The layer stack at a glance

The Mermaid diagram below captures the four layers that compose Aurora Serverless v2 and the direction of dependency between them.

Storage layer: 6 copies, 3 AZs, log-as-database, shared volume

Aurora compute: ACU-sized instances on Caspian-managed hosts

Scaling daemon: CPU + memory + network -> target ACU, in place

Billing surface: ACU-seconds, including auto-pause window

The diagram is intentionally read bottom-up in dependency terms. The storage layer is the foundation that the rest builds on. The compute layer is the Aurora engine running at some ACU allocation on a Caspian-managed host. The scaling daemon is a controller that observes load and adjusts the ACU allocation. The billing surface is what the customer sees on the invoice. Each layer is thin compared to the storage layer beneath it.

Architectural limits worth naming

Several Serverless v2 limitations are best understood as expressions of the underlying architecture rather than as arbitrary gaps. The Requirements documentation names them.

Database Activity Streams (DAS) is not supported on Serverless v2. DAS streams database activity to Kinesis for compliance and audit use cases on provisioned Aurora. It is not available on the serverless compute layer. Teams with compliance requirements that mandate DAS cannot run those workloads on Serverless v2 today.

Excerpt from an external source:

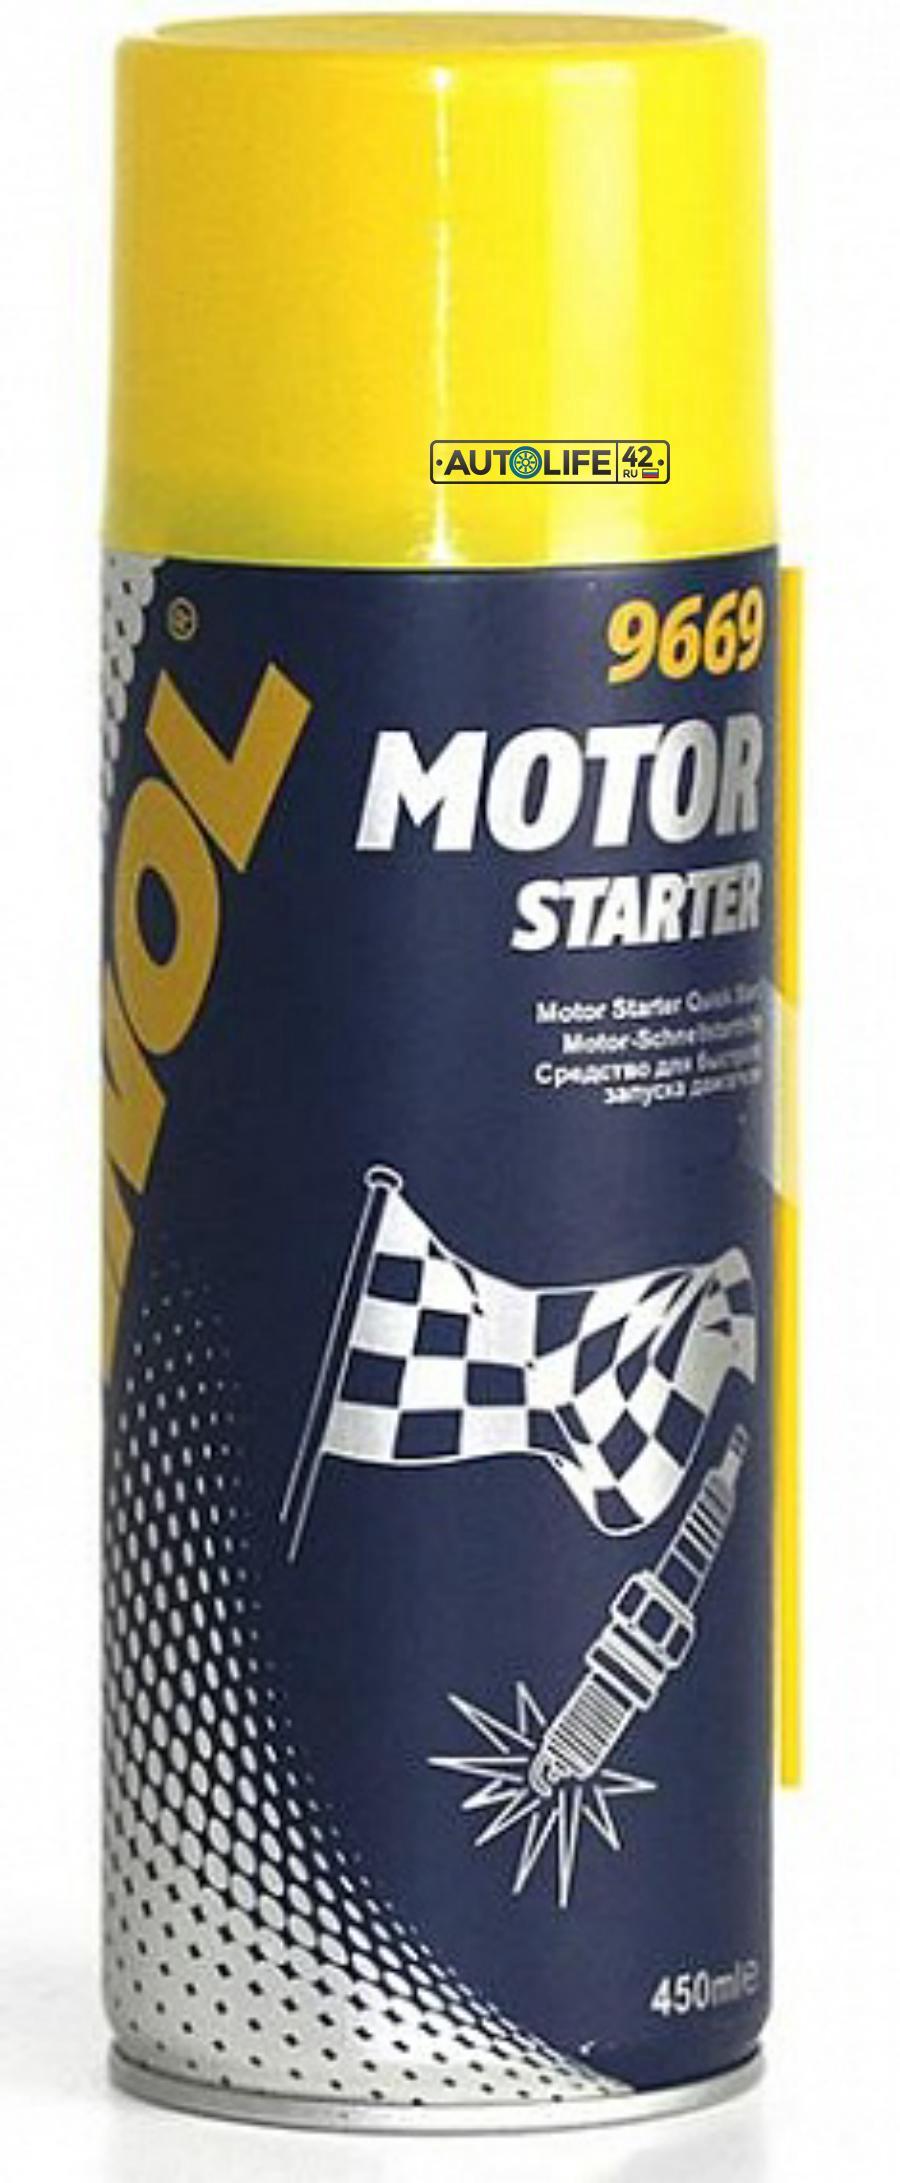 Быстрый старт двигателя MANNOL Motor Starter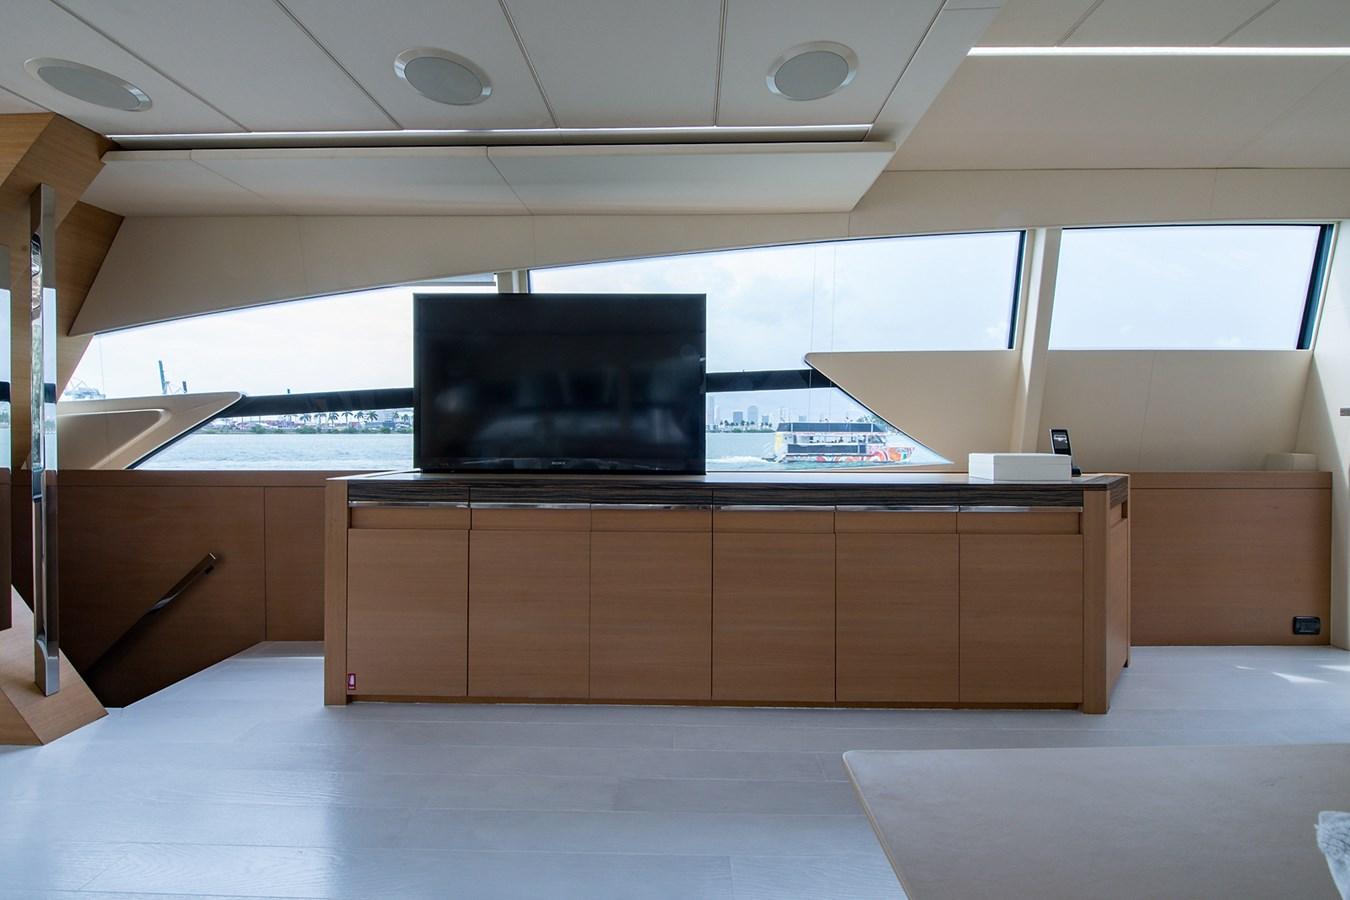 Incognito_Salon10 2012 PERSHING  Motor Yacht 2810384

Cluster cache management for Aurora PostgreSQL is disabled. The apg_ccm_enabled parameter, which enables fast crash recovery by pre-warming a replica’s cache on the writer, has no effect on Serverless v2 instances. The feature exists for fixed-size provisioned readers where the cache contents are stable; on Serverless v2 the cache contents change with the ACU value, and pre-warming is not meaningful.

Aurora Auto Scaling, as discussed above, is not supported and not meaningful. The reader count is operator-managed; the per-reader capacity is automatic.

Regional availability is not uniform. The supported regions and engines page is the authoritative reference; recent additions (notably AWS GovCloud and some newer commercial regions) lag the announcement date of features by months. Teams operating in less-common regions should consult the regions matrix directly before assuming scale-to-zero or the 256 ACU ceiling is available locally.

Engine version requirements continue to evolve. Aurora MySQL 8.0 is supported with parameter family aurora-mysql8.0. Aurora PostgreSQL 13 through 17 are supported with families aurora-postgresql13 through aurora-postgresql17. PostgreSQL 17 support on Serverless v2 is the current state and is more recent than many older write-ups suggest; this is a fast-moving fact and worth verifying against the regions page rather than secondary sources.

Closing

Aurora Serverless v2 is best understood as a scaling daemon and a billing wrapper over the same Aurora compute and storage that runs provisioned clusters. The storage layer is unchanged. The compute layer is the Aurora engine at an elastic ACU allocation, sitting on Caspian-managed hosts. The scaling daemon watches CPU, memory, and network on each writer and each reader independently, and resizes in place without failover. Mixed-mode clusters work because every instance, serverless or provisioned, attaches to the same shared volume. The architectural seam is scale-to-zero: it works as advertised, but resume starts cold both at the ACU level and at the cache level. That combination should drive the enable-or-not decision on any given cluster.

The recommendation that follows from this model is to choose Serverless v2 when the workload is variable enough that the operational savings of automatic right-sizing exceed the cost of running on shared, oversubscribed compute. Reach for provisioned Aurora when the workload is steady, latency-sensitive at the cache level, or requires features like DAS that the serverless layer does not yet support. Scale-to-zero is the lever to reach for on low-traffic and development clusters, not on production primaries serving synchronous user traffic.